Achyranthes splendens (ʻEwa hinahina; also called Maui chaff flower, round chaff flower, round-leaf chaff flower, or round-leaved chaff flower) is a species of flowering plant in the pigweed family, Amaranthaceae, that is endemic to Hawaiʻi. Its natural habitats are dry forests, low shrublands, and sandy shores. It is threatened by habitat loss.

== Description ==
There are two main variations of the plant: Achyranthes splendens var. splendens, which is a taller shrub with bigger obovate leaves, and Achyranthes splendens var. rotundata, which is a shorter shrub with smaller orbicular leaves. The typical mature size is between 2 and 6 feet (0.6-1.8 m), but larger plants can grow up to 10 feet (3.0 m) tall. This shrub has oppositely arranged light green leaves that appear grey due to the tiny hairs on it. The name hinahina or ‘ahinahina is often used to refer to plants with this feature. A distinctive trait of this plant is its flower spike that emerges from the top of the stem.

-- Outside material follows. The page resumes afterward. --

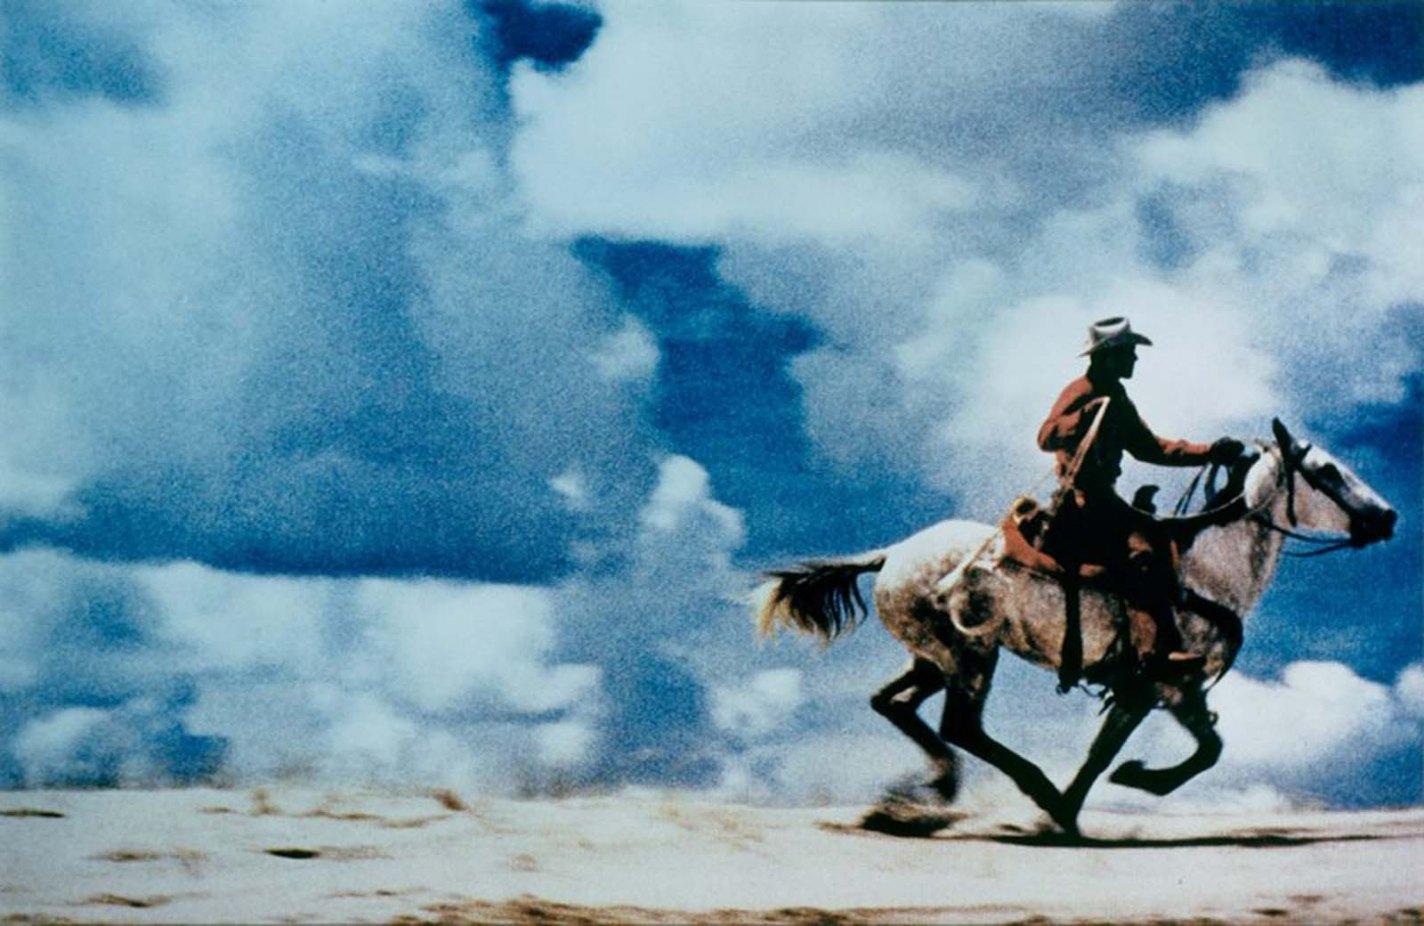 Untitled (Cowboy), Richard Prince, 1989

== Distribution and habitat ==
A. splendens var. splendens is found naturally on Lānaʻi and Maui, while A. splendens var. rotundata is considered endangered. Wild populations of A. splendens var. rotundata are closely monitored in locations on Oʻahu, including Kaʻena Point, Kalaeloa, Mākaha, Kahuku, and Campbell Industrial, as well as at Mokio on Moloka‘i, after going extinct on Lāna‘i. Historically, A. splendens var. rotundata was often found around the ‘Ewa Plain area, giving it the nickname, ‘Ewa hinahina. This variety is salt- and drought-tolerant and can be propagated through seeds or cuttings, but permits are required to grow them commercially due to their endangered status.

== Human use ==
This plant has been used in landscaping and ecological restoration projects to increase native plant diversity, especially in Kalaeloa. The spikes and leaves of the plant can also be used when making lei in wili or haku.